Description of the task:
The required answer is an exact copy of the lines from the one containing "2016-2022年 中国7anca产业运营动态调查及投资决策分析报告" to the end of the listing, both included, without any pictures.

*** Opening of Data extract ***

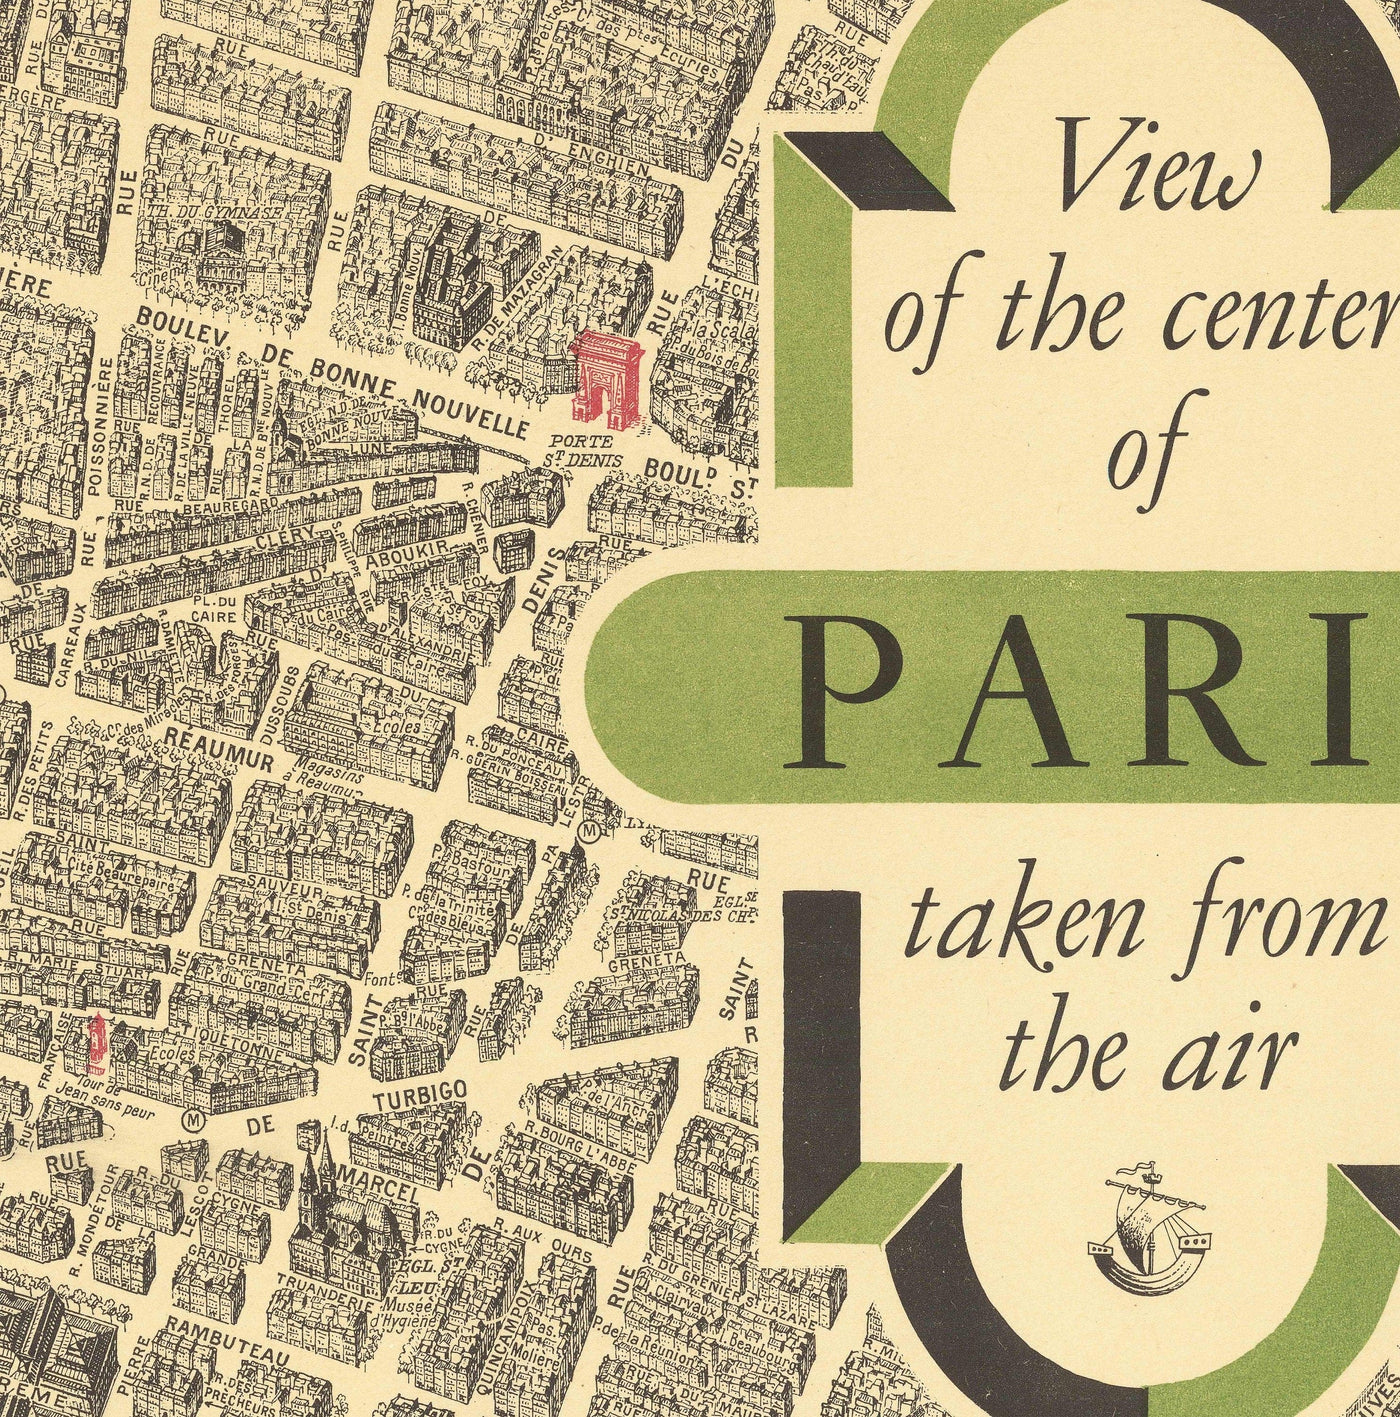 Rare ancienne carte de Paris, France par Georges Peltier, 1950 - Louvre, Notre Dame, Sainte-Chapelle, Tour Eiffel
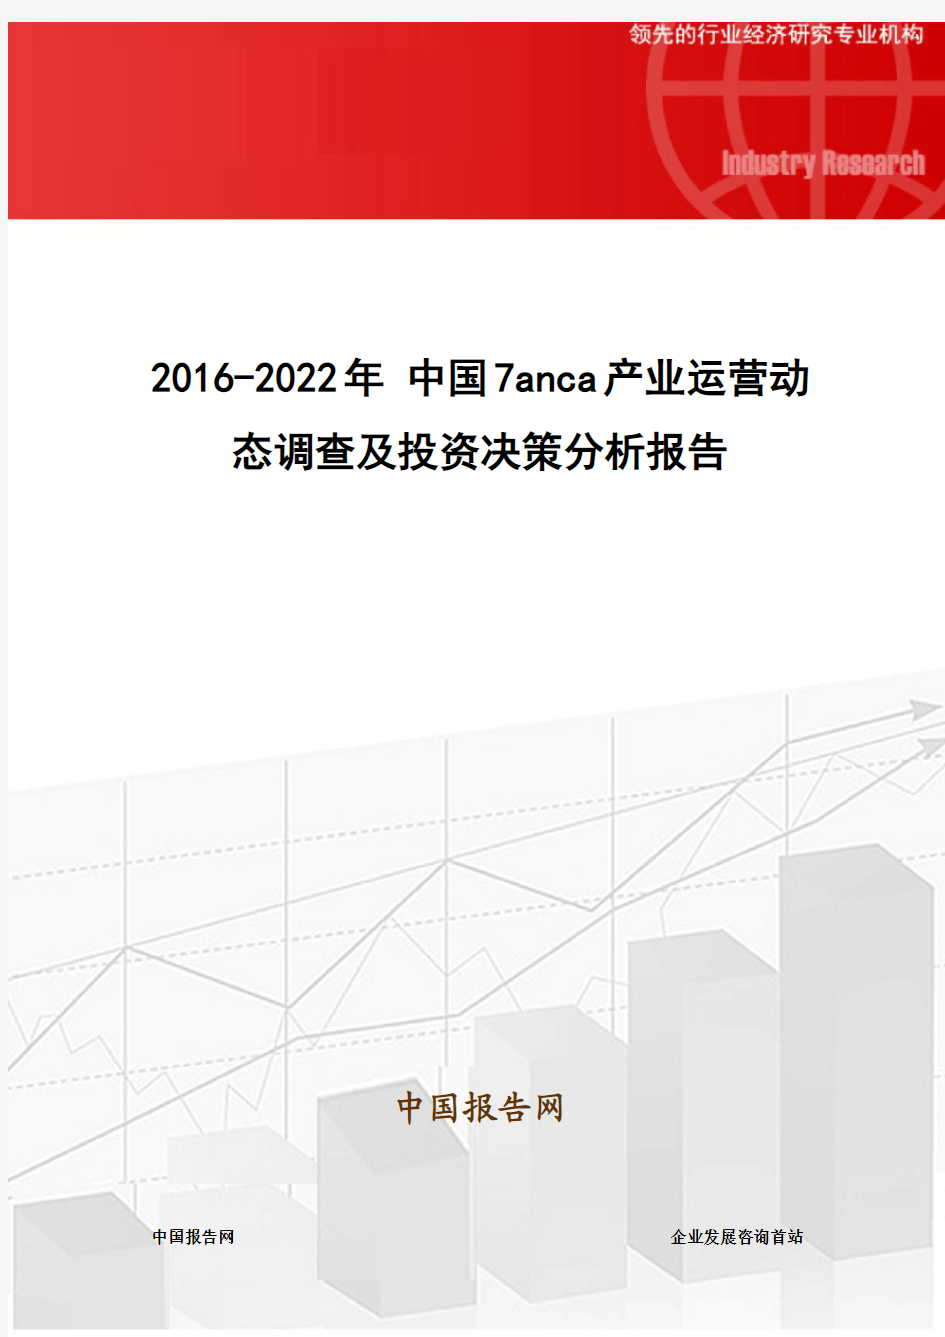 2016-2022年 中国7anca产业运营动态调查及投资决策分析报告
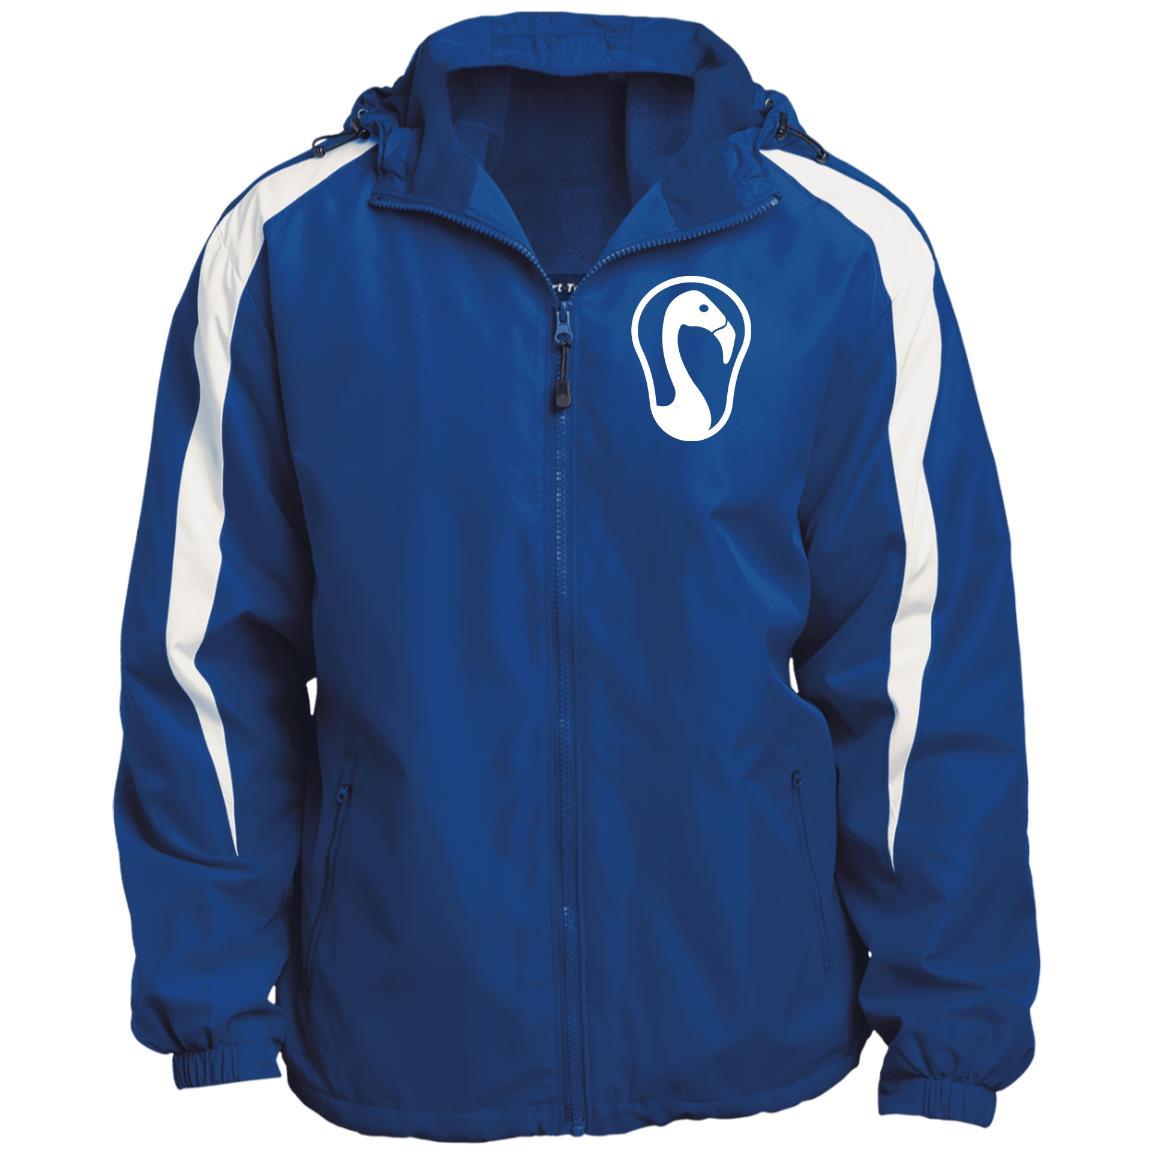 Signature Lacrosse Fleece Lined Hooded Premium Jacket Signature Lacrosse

*** Close of Data extract ***

Expected output:
 2016-2022年 中国7anca产业运营动态调查及投资决策分析报告
 Signature Lacrosse Fleece Lined Hooded Premium Jacket Signature Lacrosse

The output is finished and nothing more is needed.